### Task item
The copy you give must match the listing below exactly and contain no pictures.

### Material provided
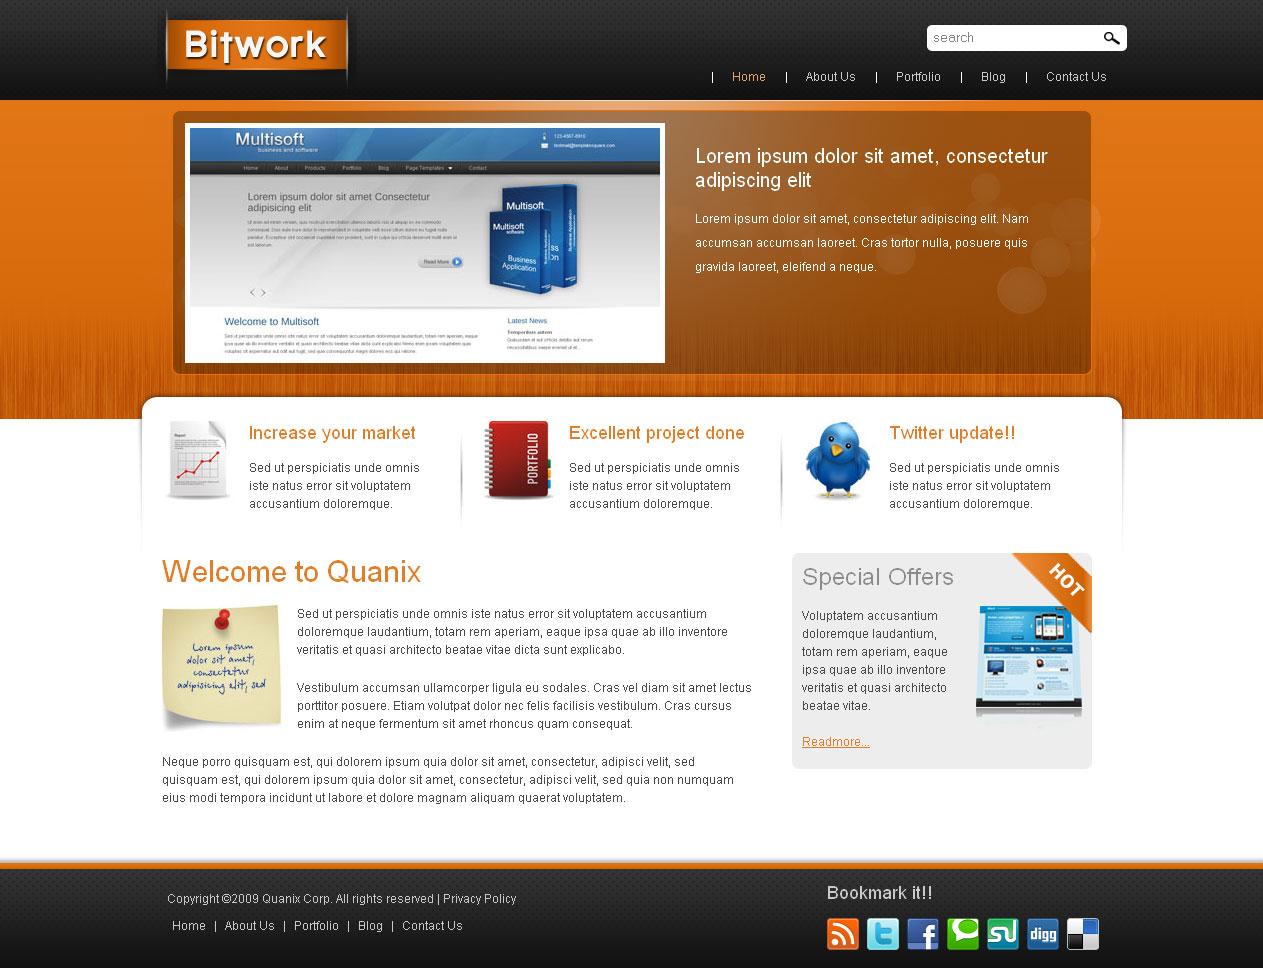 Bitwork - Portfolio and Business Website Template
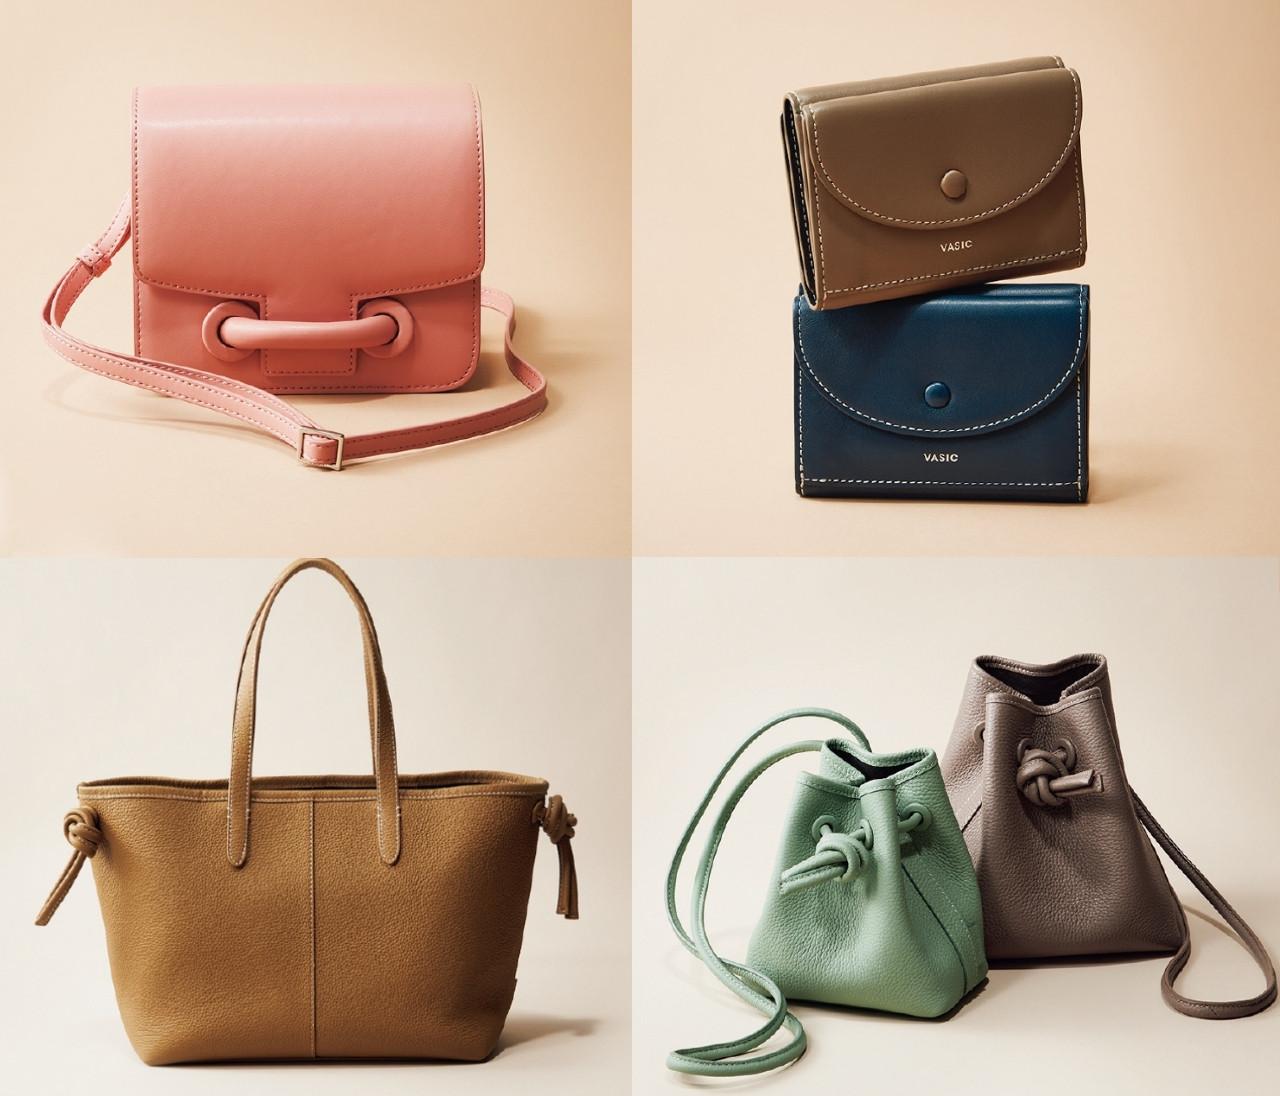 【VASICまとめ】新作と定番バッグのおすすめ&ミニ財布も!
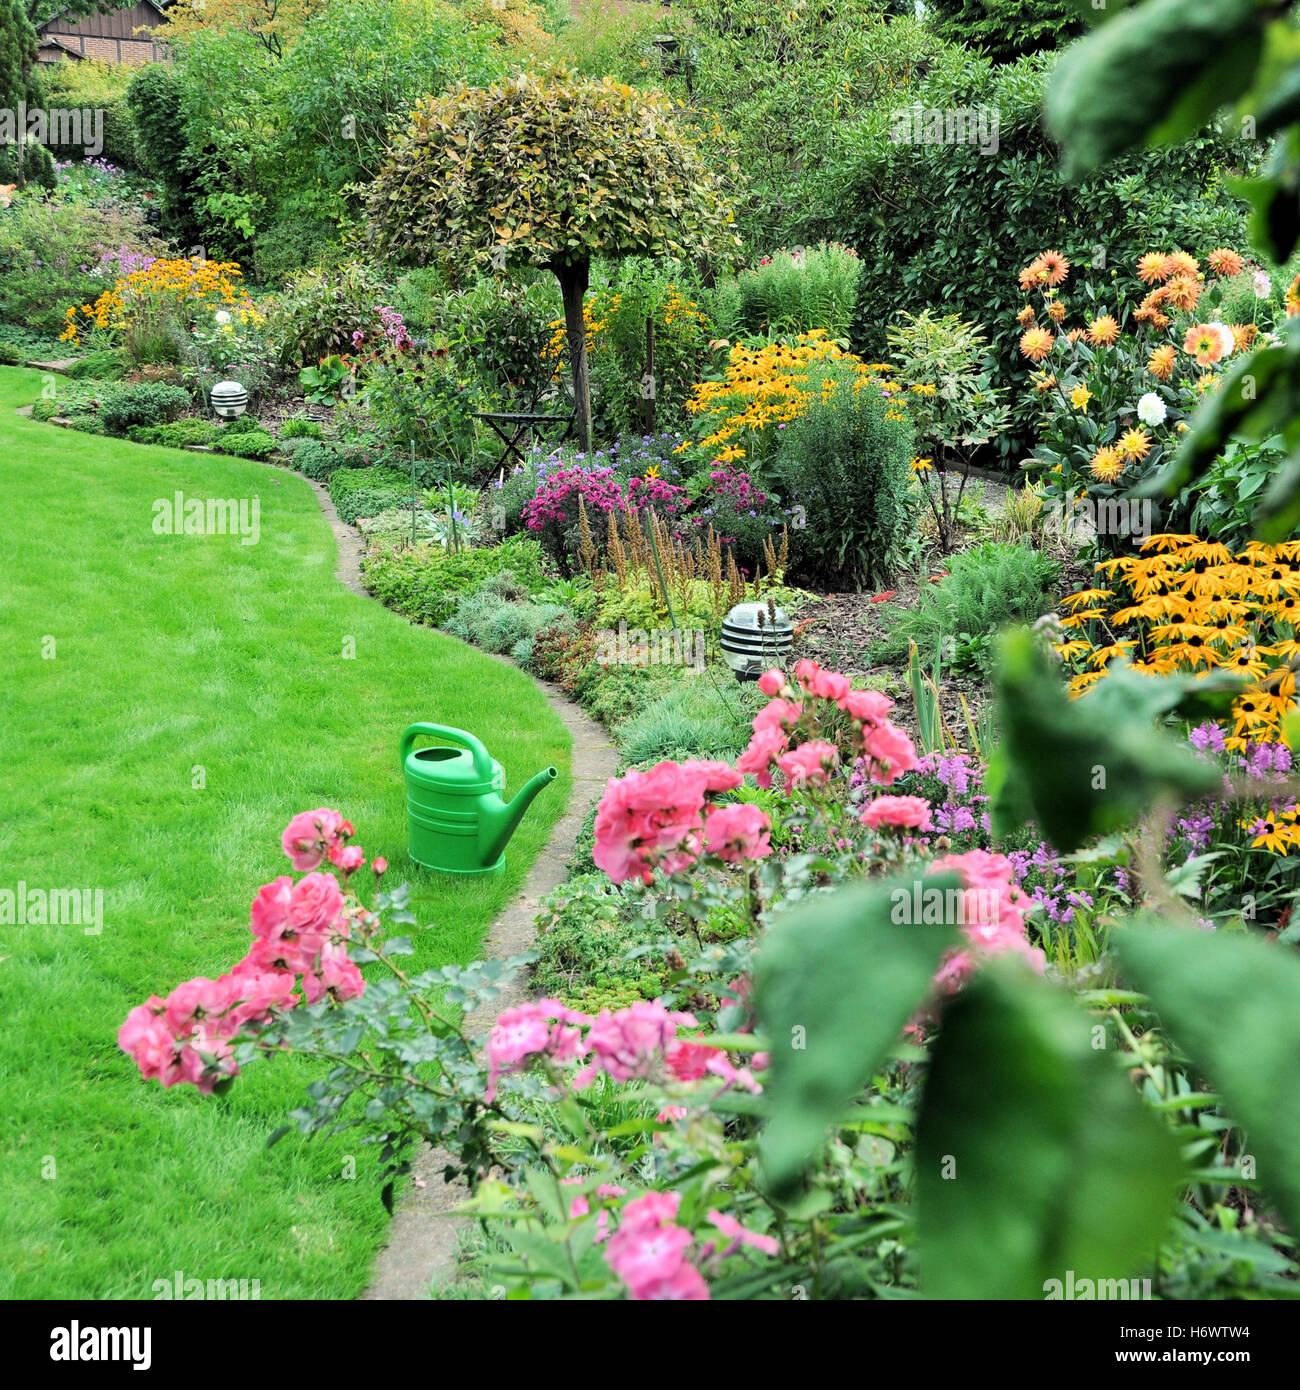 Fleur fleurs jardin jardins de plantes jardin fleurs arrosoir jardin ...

### Your solution
 Bitwork - Portfolio and Business Website Template
 【VASICまとめ】新作と定番バッグのおすすめ&ミニ財布も!
 Fleur fleurs jardin jardins de plantes jardin fleurs arrosoir jardin ...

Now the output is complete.